The proper standard, countered Denno, is whether any method of execution causes "unnecessary pain and suffering."

Lethal injection is an optional or exclusive method of execution in 37 of the 38 death penalty states; Nebraska, which uses the electric chair, is the sole exception. Injection was adopted in California in 1996 after a federal judge and an appeals court ruled that the gas chamber at San Quentin posed an undue risk of causing an agonizing death.

The U.S. Supreme Court set that ruling aside when the state made lethal injection the primary method of execution, leaving the gas chamber as a theoretical option if an inmate chooses it.

The high court has never ruled on the constitutionality of lethal injection or any other method of execution. But that could change if the Morales case or another challenge proceeds through the federal courts.

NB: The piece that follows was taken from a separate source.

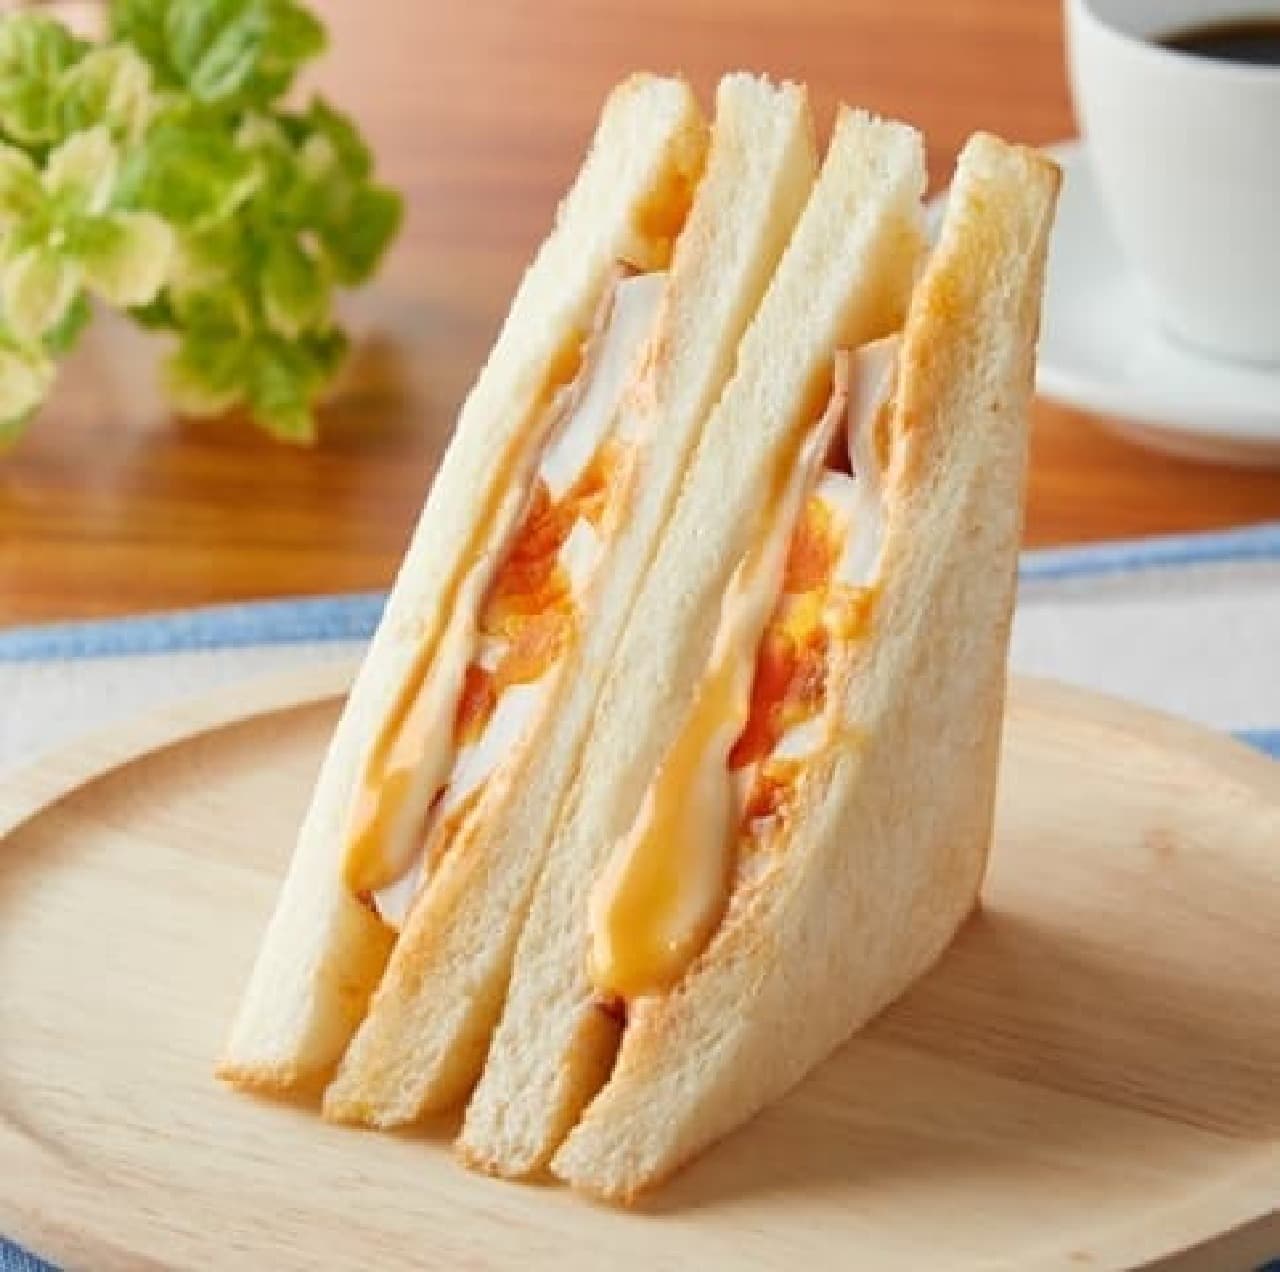 FamilyMart "HOT Sandwich Ham and Eggs & Meita Cheese Sauce"

Supreme Court review is a possibility if an appeals court rules that lethal injection procedures are unconstitutional, said Elisabeth Semel, director of the death penalty clinic at the University of California's Boalt Hall School of Law.

The lethal drugs, each capable of causing death independently, are injected in a sequence: the first, sodium pentothal, causes rapid unconsciousness; the second, pancuronium bromide, paralyzes the voluntary muscles; and the third, potassium chloride, stops the heart. The procedure typically takes about 10 minutes.

Morales, 46, was scheduled to die at 12:01 a.m. Tuesday for the 1981 rape and murder of 17-year-old Terri Winchell. His lawyers argued that the state's procedures were flawed because inadequately trained or equipped prison staff could not be relied on to administer an adequate dose of sodium pentothal. Without that dose, Morales could be conscious and in severe pain from the final two drugs, they argued.

Citing evidence of possible problems in six San Quentin executions, Fogel told state officials that Morales could be executed only if steps were taken to make sure he was unconscious while dying - an order that led to a collision with the medical profession.

Two anesthesiologists first agreed to monitor the execution but then backed out. When Fogel said the state could execute Morales later Tuesday using only sodium pentothal, as long as the drug was administered directly by someone licensed to do injections, the prison said it couldn't find a doctor, nurse or medical technician who would take on the task. As a result, the state postponed the execution indefinitely.

The conflict was inevitable once states adopted medical procedures for executions, said Lance Lindsay, executive director of Death Penalty Focus, an anti-capital punishment group in San Francisco.

"If courts have expressed a lack of confidence in the traditional execution protocol and are beginning to require that medical professionals be inserted into the execution procedure, it's now in the hands of the medical profession to decide if they want to be part of the execution team," he said.

Pro-death penalty activist Dudley Sharp said the issue of doctors' involvement has the potential of banning lethal injection.

If courts require a licensed medical professional to be involved in an execution, "they'll do away with lethal injection as a method of execution, because you will get the same response that you just had in California," said Sharp, head of the Houston group Justice for America.